Category Archives: Trademarks

Ninth Circuit Revives Copyright and Trademark Claims by Heirs of Bill Graham

The Ninth Circuit has revived a case involving copyrights and trademarks associated with the late Bill Graham.

Graham, who was born in Berlin, escaped Germany and France during the Second World War and lived as a foster child in the Bronx.  He moved to San Francisco in the early 1960s and got his start as a promoter by organizing a benefit.

He presented concerts at the Fillmore Theater in San Francisco and worked with performers including Jefferson Airplane, the Rolling Stones, and the Grateful Dead.

He died in 1991 in a helicopter crash near Vallejo, California, on his way home from a Huey Lewis and the News concert.

His will created trusts for his sons, who were 14 and 23 at the time of his death.  The executor of the will and the trustee was Nicholas Clainos, Grahams’s friend and business partner.

In 2010, 15 years after the probate court had made the final disposition of Graham’s estate, Graham’s sons sued Clainos, his attorneys, and the Bill Graham Archives.  Graham’s sons claimed that they had been cheated out of hundreds of valuable rock concert posters and the copyrights associated with those posters.

Graham’s sons also claimed that Clainos and his attorney had “concealed and converted” the rights to “The Fillmore” trademark.
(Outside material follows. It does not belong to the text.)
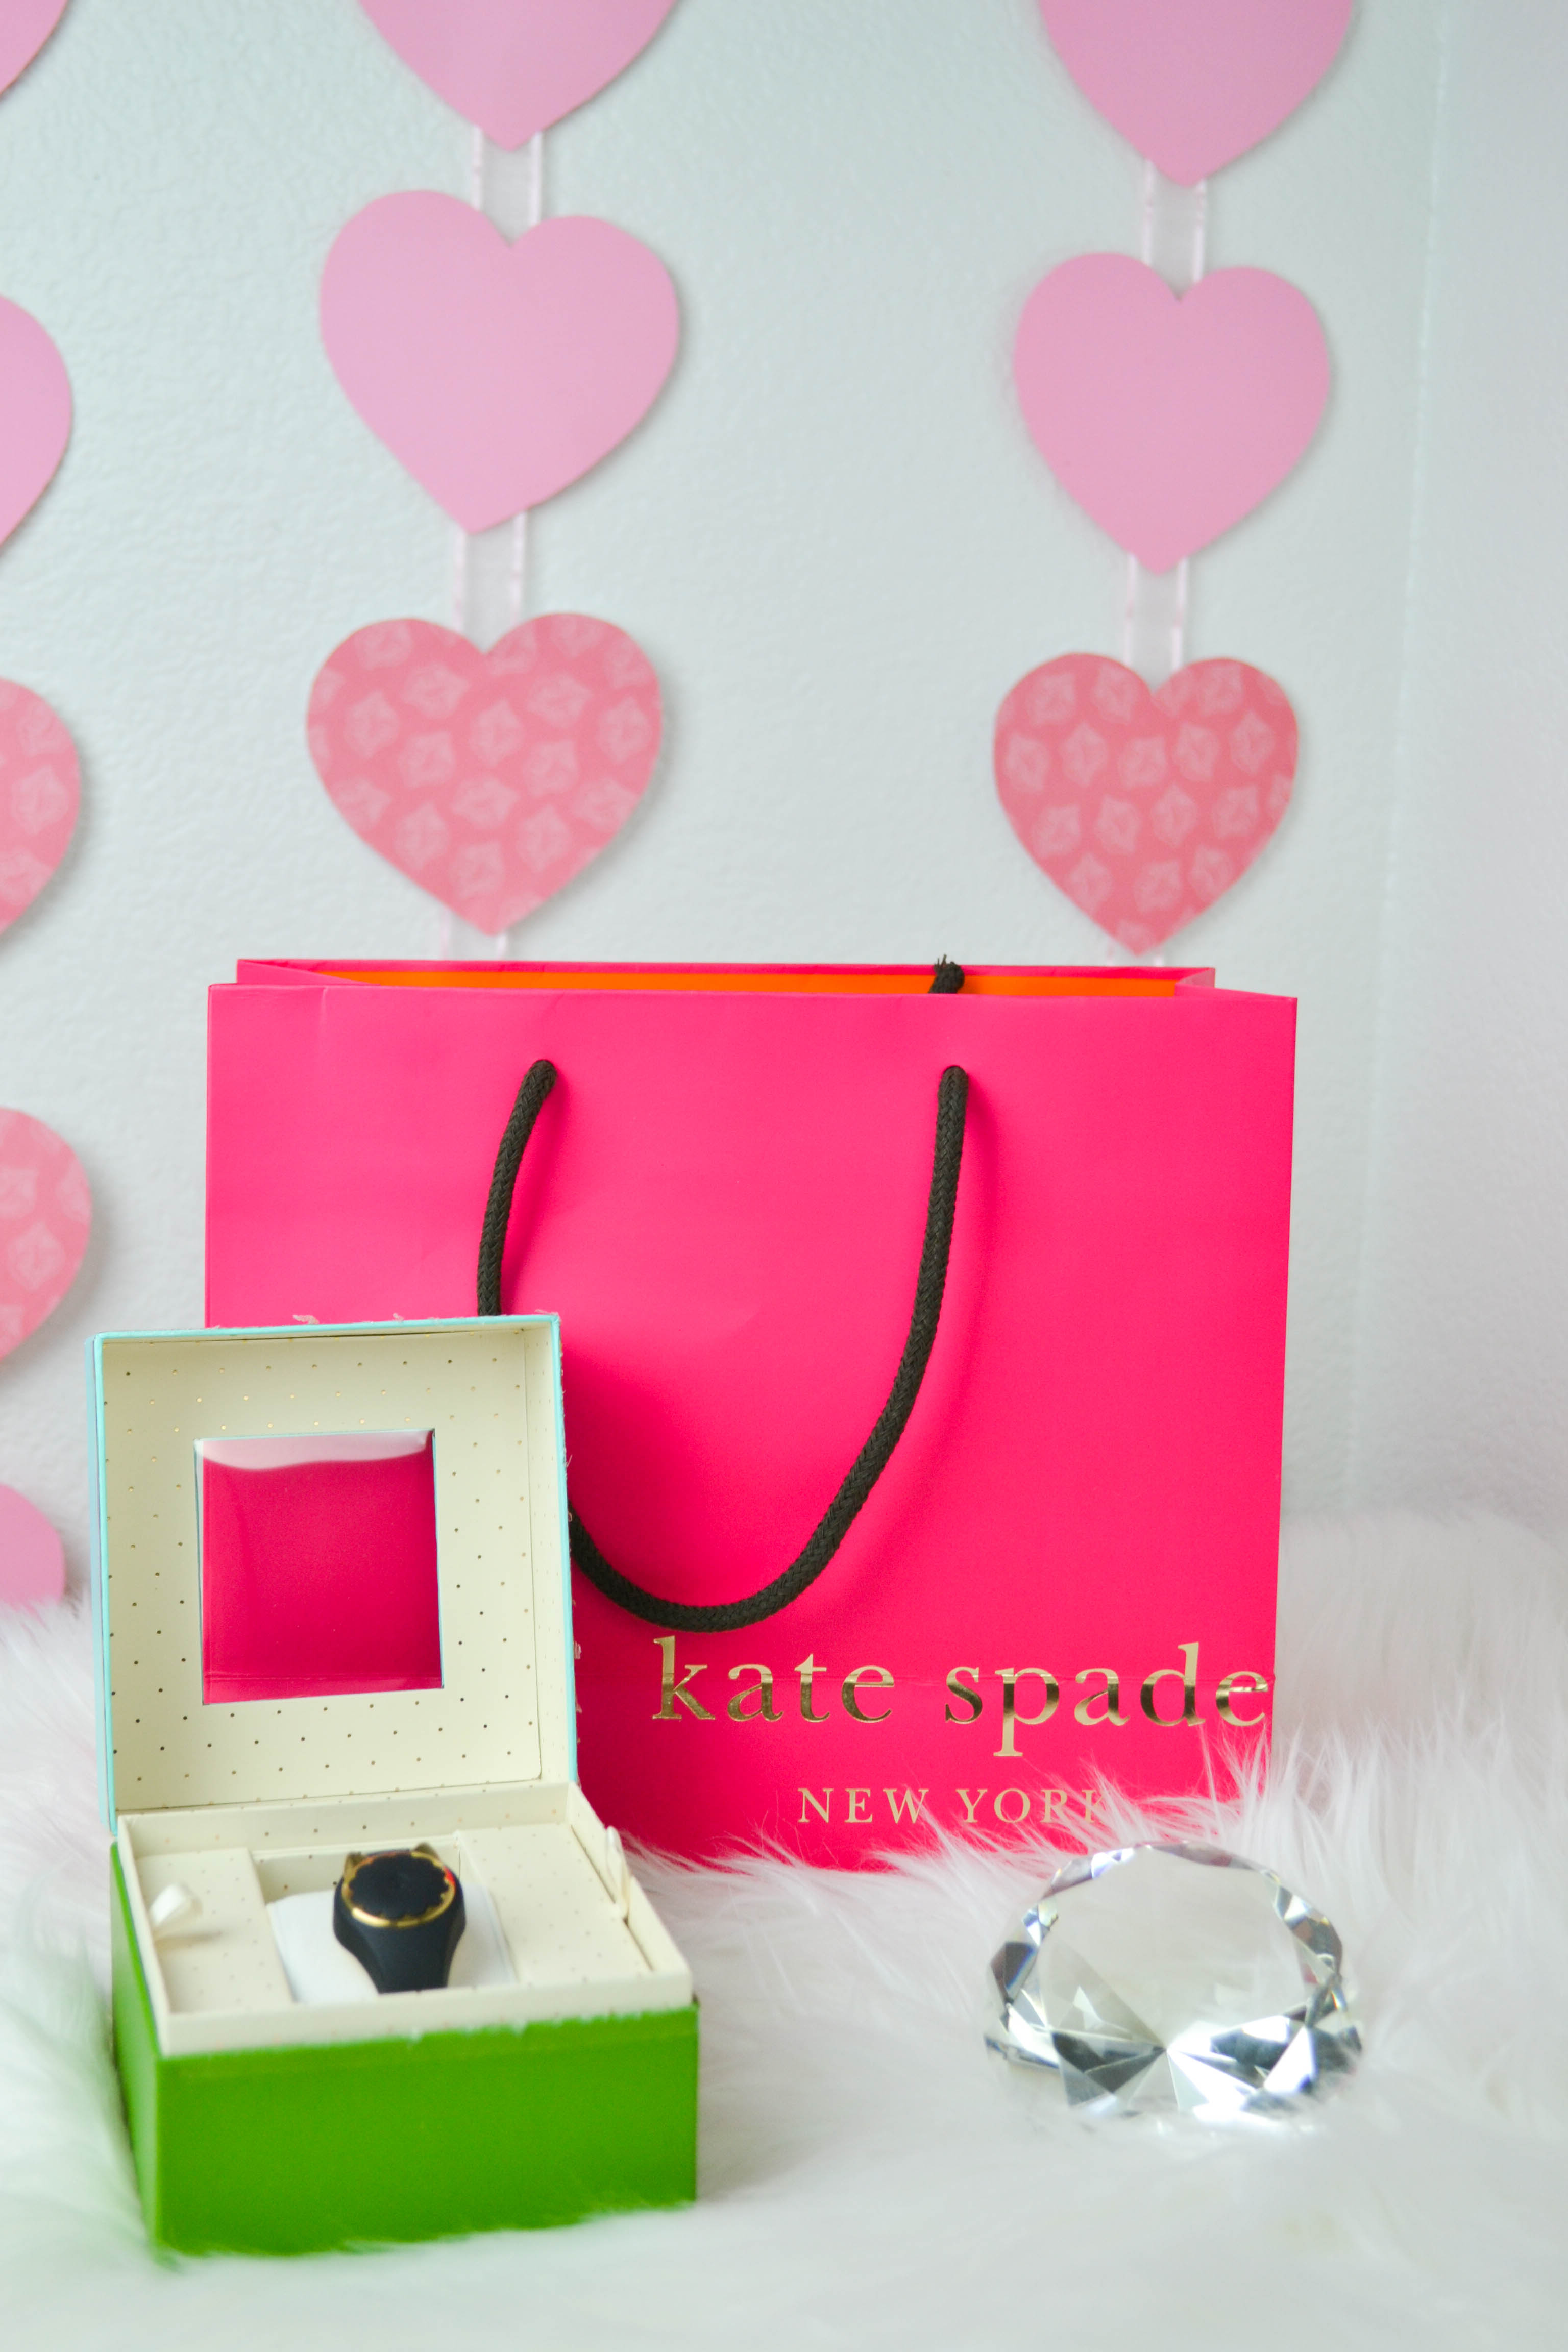 Kate Spade Tracker |What Girls Want for Valentine's Day| on Glam Life Living

Graham’s sons claim Clainos and his attorney had assigned the poster rights to a new subsidiary of Bill Graham Presents in a document dated August 31, 1995, and then backdated that document to August 1, before the probate case closed.  Clainos became the subsidiary’s largest shareholder, according to the complaint.

A federal district court dismissed the claim against Clainos but the Ninth Circuit reversed and remanded, holding that the plaintiffs had pled facts sufficient to show that assignment was not effective and thus that they had a legitimate claim to the copyrights for the posters.

Some of the concert posters, including the one above, were published without copyright notices before 1977 and thus are now in the public domain.

For works created after January 1, 1978, copyright protection lasts for the life of the author plus 70 years.  Thus, an author or artist can bequeath copyrights (and the associated royalty streams) to his or her heirs after death.

Stay up-to-date on the latest Intellectual Property Law news from Sheldon Mak & Anderson.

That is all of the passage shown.